Introducing kik generate: schema driven plates on Kikplate
By Moeid Heidari · 8 min read · Jun 22, 2026
Kikplate started as a simple idea. A plate is a project template backed by a real GitHub repository, and the CLI lets you pull one down in seconds. That part hasn't changed. What has changed is how a plate describes itself and how the CLI turns that description into a working project on your machine.
The new feature is called generate. It is built around a typed schema inside the plate manifest, a CLI command that reads that schema and renders every templated file in the repository, and a renamed CLI binary. This article walks through all of it: the new manifest file, the schema tab on the plate page, the generate command and its flags, a full walkthrough using a real plate, and what the migration away from the old manifest looks like.

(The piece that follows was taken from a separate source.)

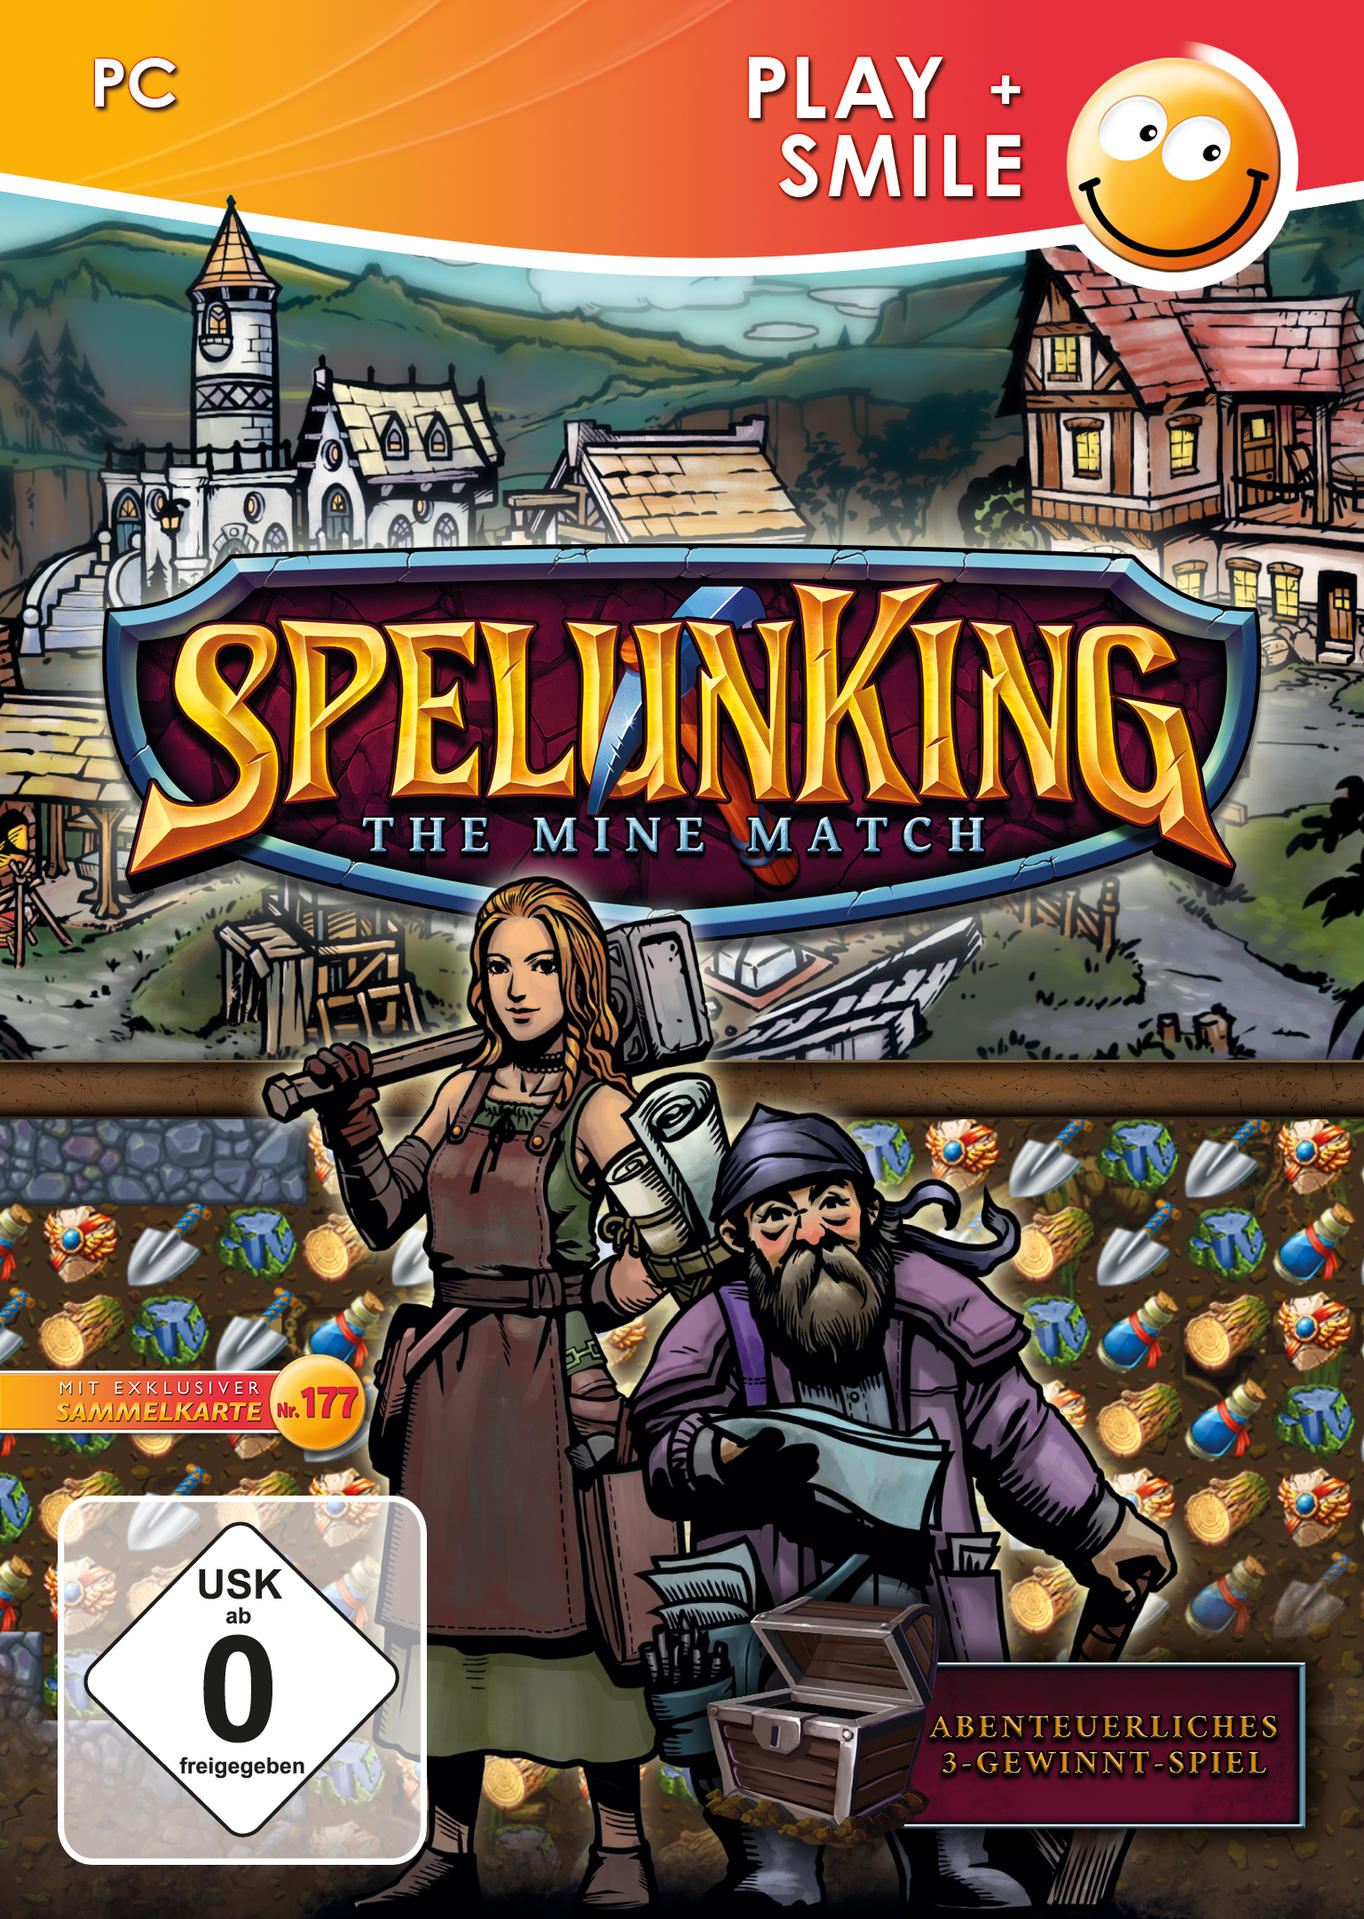 [PC] The SpelunKing: Match - Mine

From kikplate.yaml to plate.yaml
Every plate used to be defined by a single file at the root of its repository called kikplate.yaml. That file carried only descriptive metadata: a name, description, category, owner, tags, and, once a submission was approved, a verification token. The CLI would clone the repository, strip that file out, and hand you the rest of the contents as your new project. There was no concept of variables, no conditional files, and nothing for the platform to render. Cloning was the whole mechanism.
The new manifest is called plate.yaml. It carries everything kikplate.yaml used to carry, plus a schema block that declares the variables a plate accepts, a modules block for toggling optional pieces of the template on or off, and a files block that maps every output path in the generated project to a template source. In short, kikplate.yaml described a plate. plate.yaml describes a generator.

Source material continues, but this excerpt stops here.